Next we graph Q-Q plots to check our data in our model for normality. If the data is not normal the results of the analysis may not be valid.

#QQ plots for residuals of the model
qqnorm(residuals(model))
qqline(residuals(model))

plot of chunk unnamed-chunk-5

Second we plot a fitted model against the residuals. We see a very large degree of variation among the plot.

#Plot of Fitted vs Residuals of model
plot(fitted(model), residuals(model))

plot of chunk unnamed-chunk-6

Overrall the results of our model lead us to believe our model is not adequate and does not explain the effect of the disposable income per capita on the response variable of sale of cigarettes by pack per capita. This is largely due to our qq plot making the data appear non-parametric and a large amount of s ymmetry in our fitted vs. residuals model.

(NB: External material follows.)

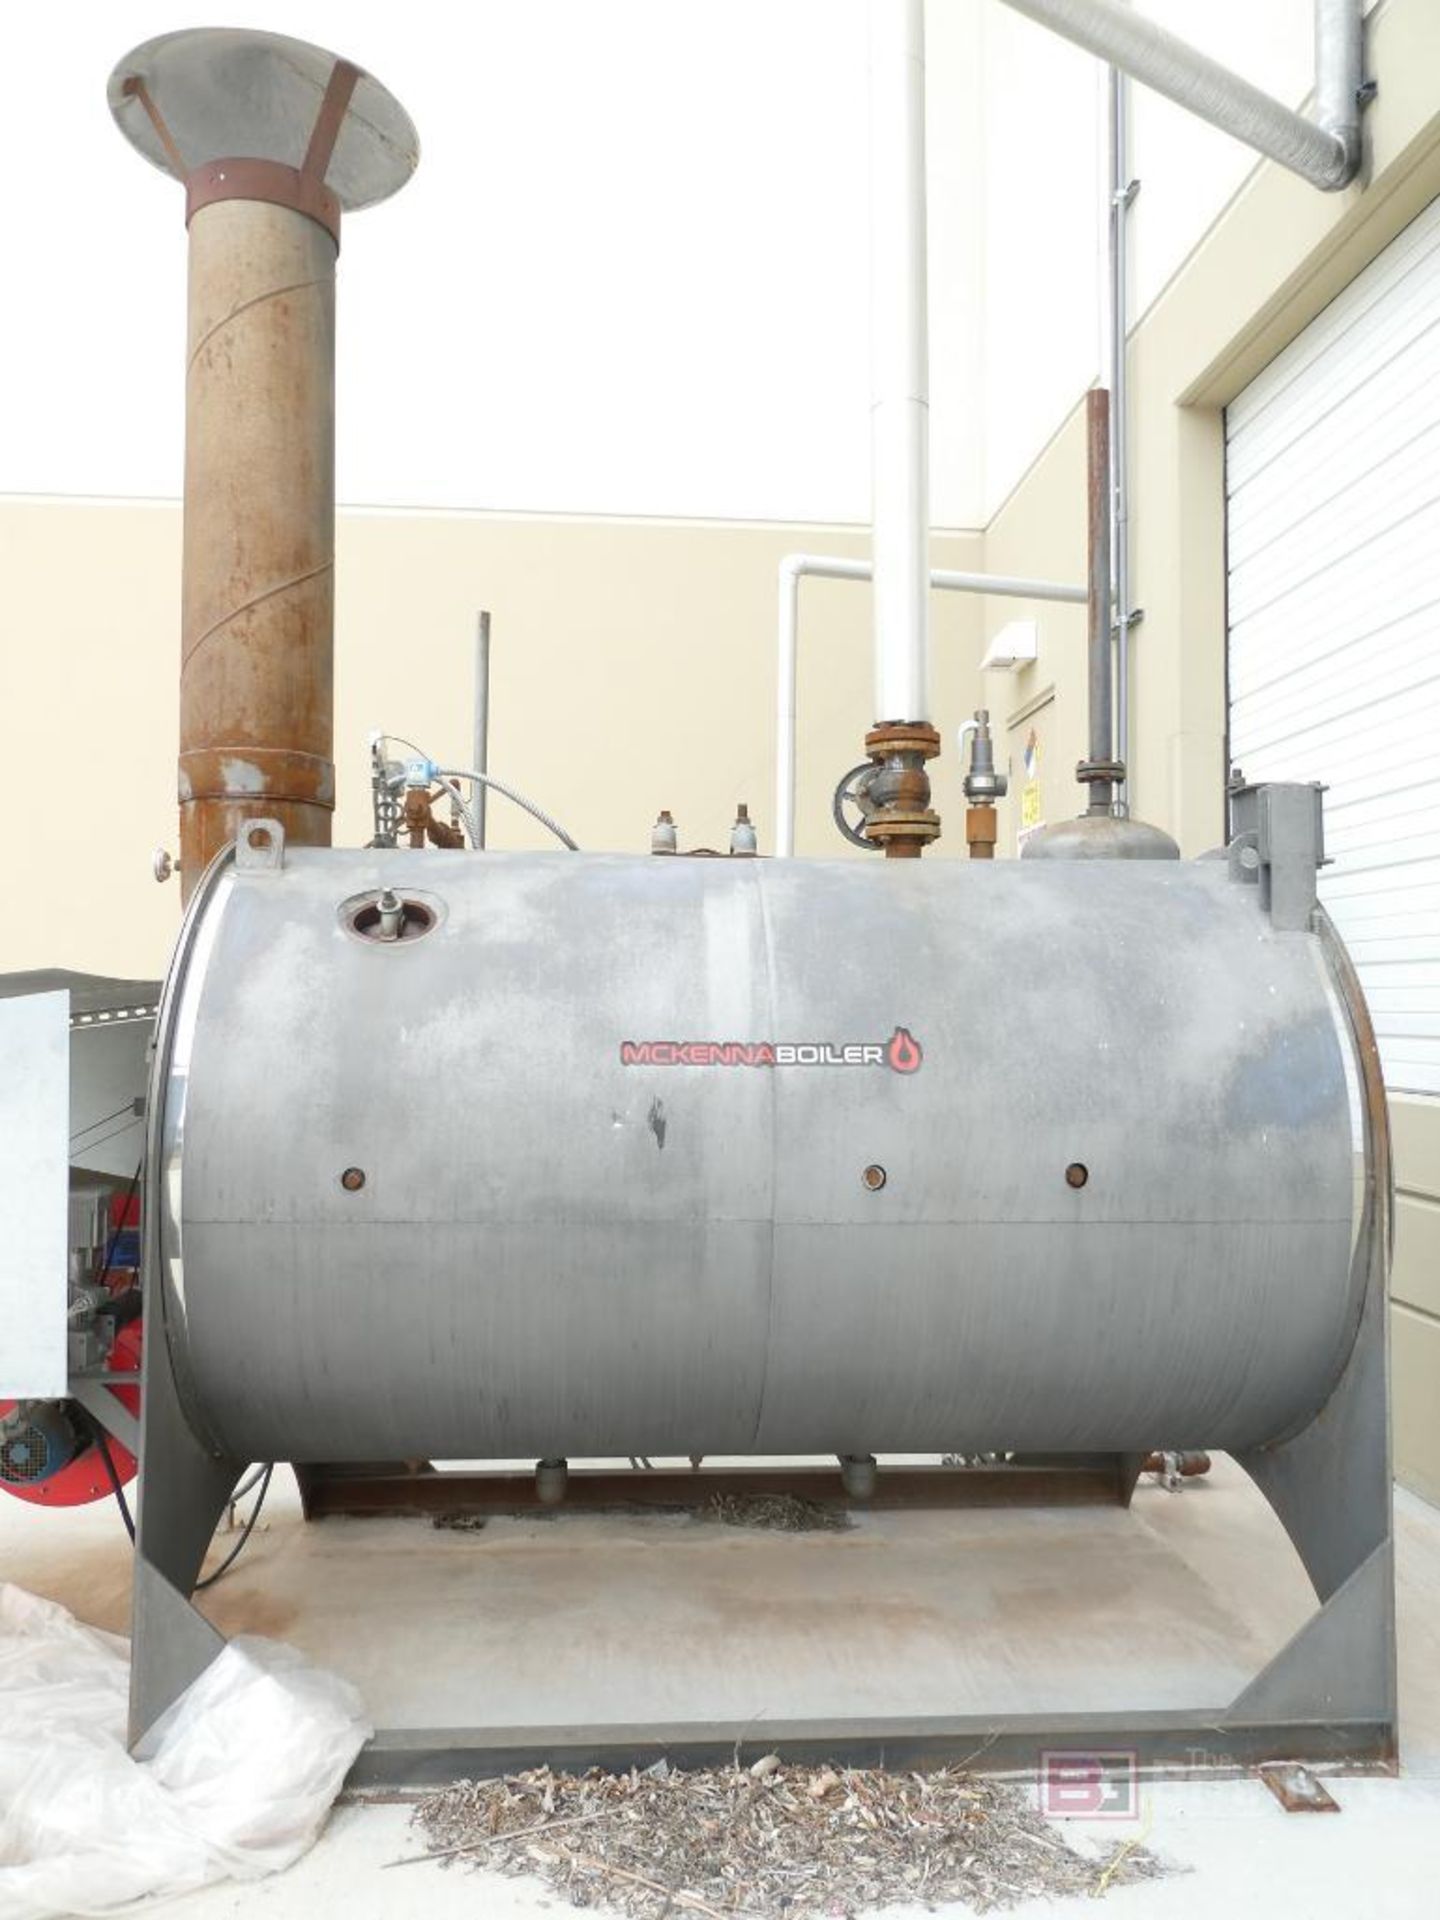 2019 McKenna Boilers Model JFS50LF, 50HP High Pressure Steam Boiler - Image 3 of 15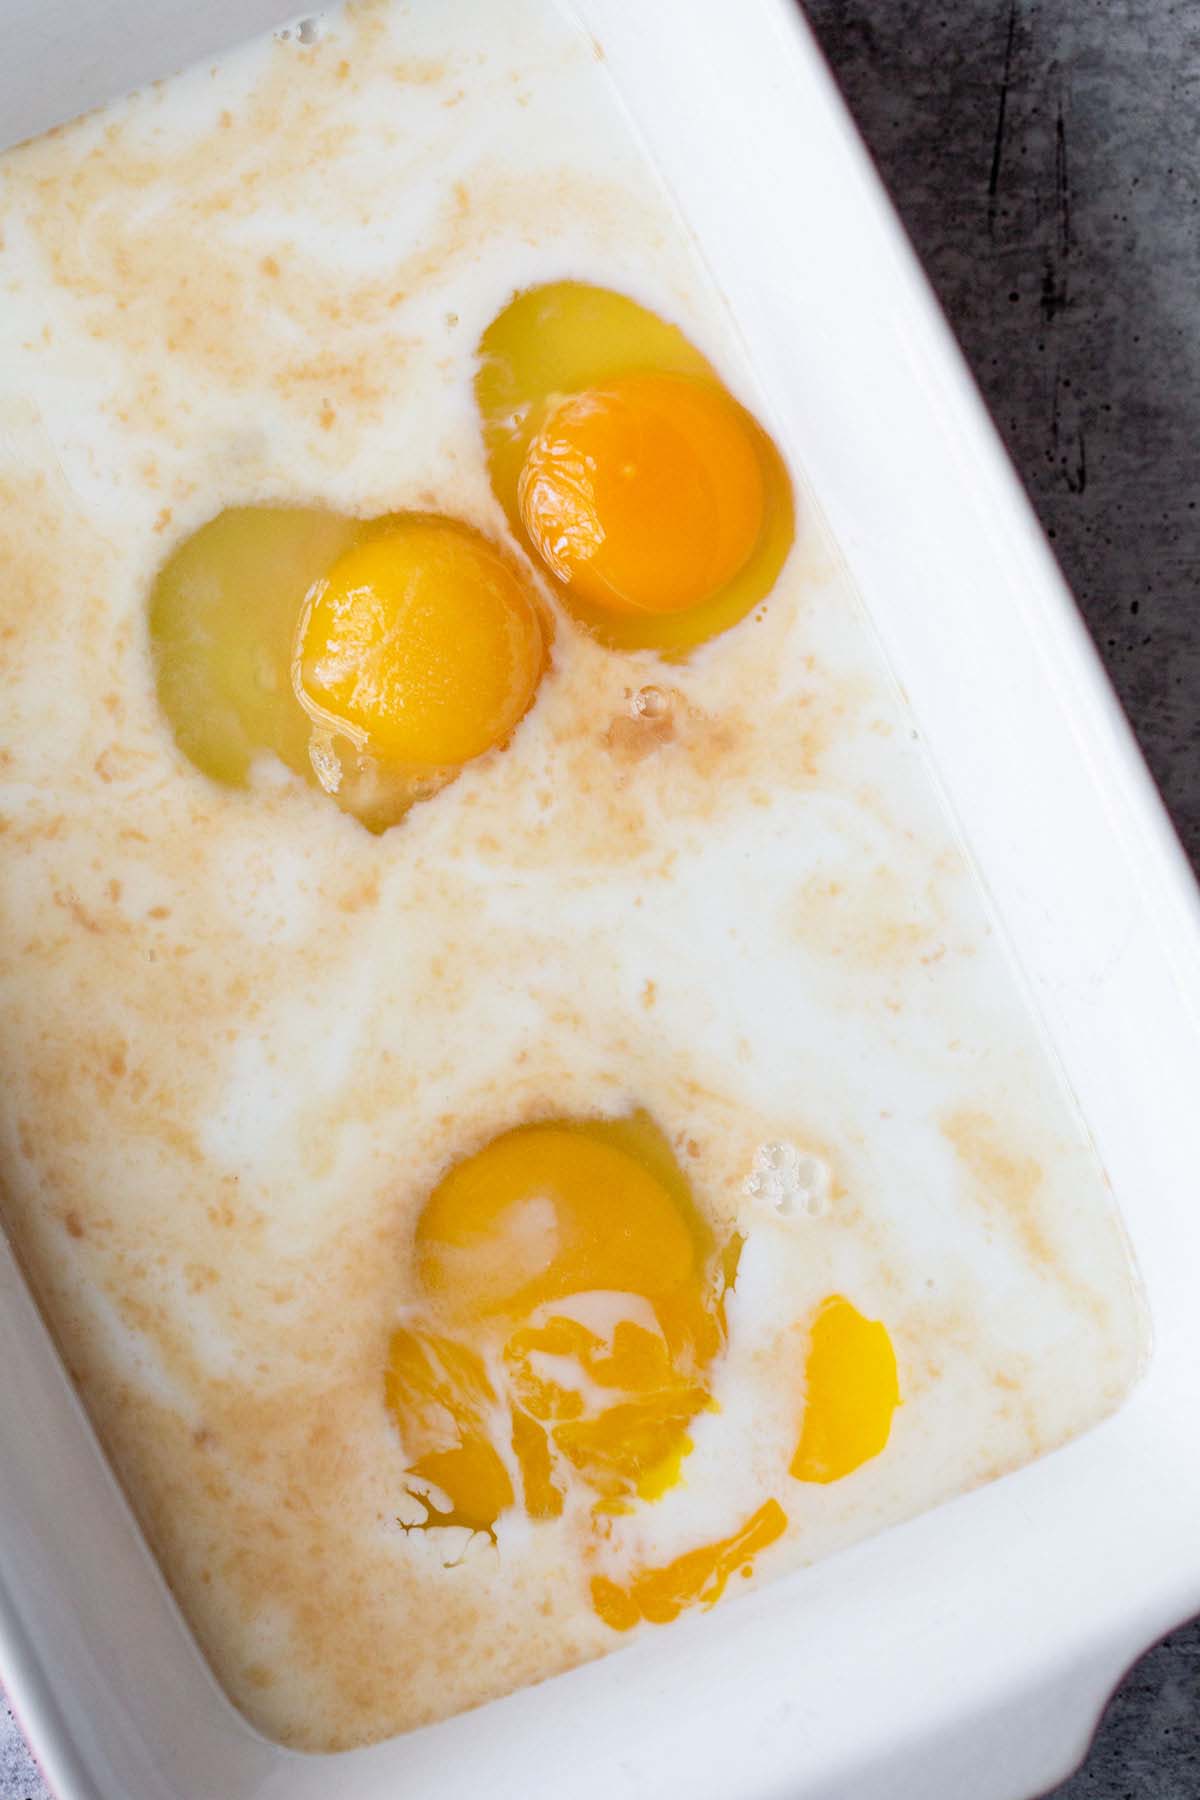 Eggs and milk in a casserole dish.

4. References to the literature

No literature was used

5. Appendices

The R package in which this data was found can be located in the R library called Ecdat

6. Contingencies

It is possible that the results of our study are the result of chance. There are a large number of unidentified factors that could effect our response variable of sales. These factors include things such as taxes applied to the sale of a pack of cigarettes, local laws concerning the purchasing age of tobaccoo in that state and drug and tobaccoo education within that state. These factors could sway the publics view on cigarrettes and therefore atler their consumption. We also have to consider errors in the nature of the explanatory variables. While the minimum price of a pack of cigarettes in adjacent states appears to have an effect via the boxplots we have to consider geographic locaiton. It is hard to imply rationally that the price of cigarettes in a state that borders the western edge of the state to have an effect of the sales of cigarettes for anyone that lives outside of a feasible travel distance from the boarder which for many states could be the majority of the population.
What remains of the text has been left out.